Another example of what resources can do well involves our hope and redemption team, which formed in 2017. California at the time had 34 prisons, and we got grant funding to provide rehabilitative programming in nine of those prisons. The programs were so successful that the state of California then funded us over three years, $10.5 million to provide these programs in all of the state’s prisons. These resources allowed us to be able to expand and provide these programs to all people that are in the California Department of Corrections.
Arnold Ventures
You listed an impressive list of legislation that ARC has helped pass in California. Why have you been so effective? What kind of coalitions and arguments have helped push through these reforms?
Sam Lewis
I believe we’ve been so successful because our advocacy work is led by our membership — formerly incarcerated people — and we speak from the lens of lived experience. One of our bills that we passed not too long ago had to do with Miranda rights for juveniles. The people who led the advocacy work to get this passed were some of our members who as juveniles were actually forced to confess to crimes that they hadn’t committed, because they didn’t have the protections of Miranda rights.

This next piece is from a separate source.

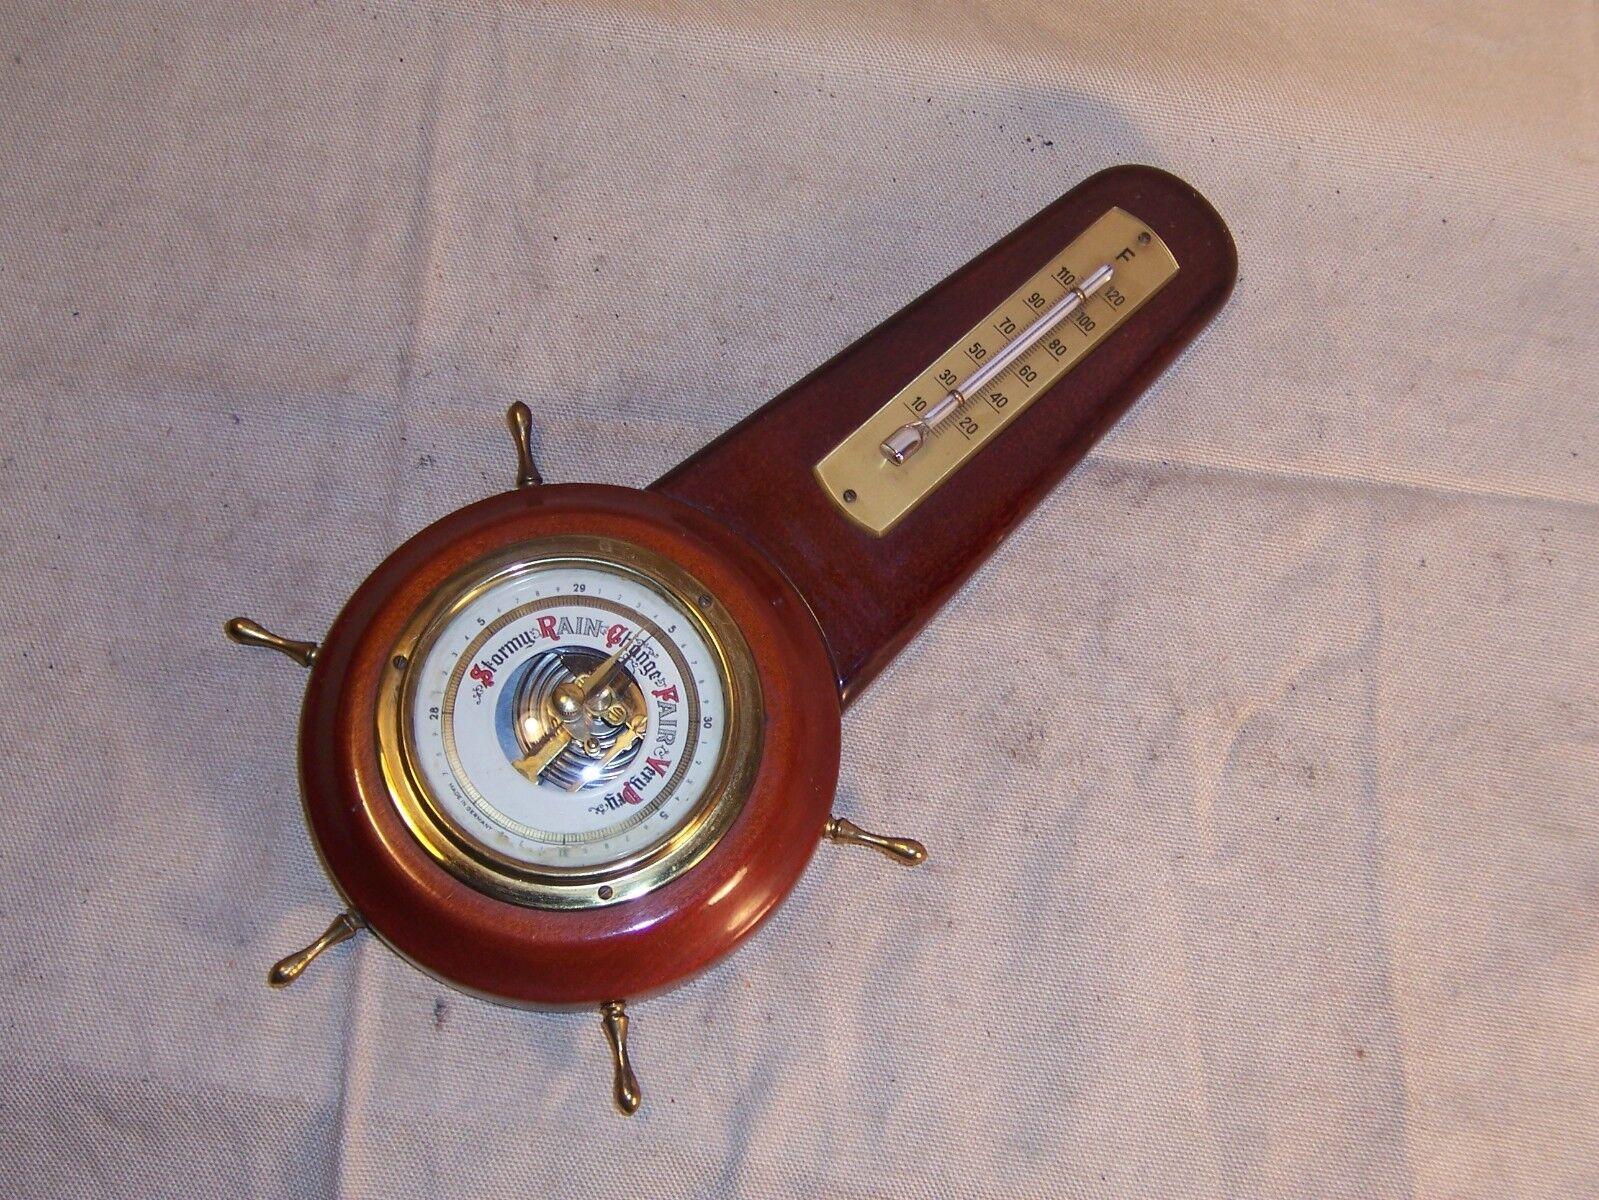 Vintage Barómetro Y Termómetro combinación Hecho En Alemania

They sat in front of legislators and said, “I was interrogated for 14 hours, and I just wanted to go home. I said what the police officers wanted me to say, and later I was exonerated.” These lived experiences clearly demonstrate that our youth need to have the same protection as adults when it comes to Miranda rights. The lived experience, testimony, and advocacy of our members who were formerly incarcerated has driven our success in passing reforms.
Arnold Ventures
Your example of juveniles being afforded Miranda rights seems like a commonsense issue. Why do you think we have so many policies in place where most people, if they knew about them, wouldn’t support them?
Sam Lewis
California is different from many states, in the sense that now that we have this really robust advocacy community and so many more people are aware of the various laws that affect our communities. But imagine, oftentimes, laws are passed by a policymaker, a state legislator, or a state senator, based on his or her opinion. It’s a piece of paper, but people rarely stop to look at what is the impact of the human beings. For example, even with the case of the Central Park Five, New York still doesn’t have a Miranda rights bill for juveniles. How do you allow that to happen to our most vulnerable population? I think, awareness, and also the willingness of those who have lived through it and have the experience to step forward is the key to change. We need people to say, “I’m willing to put myself forward and share with you what my experience has been because we need change.”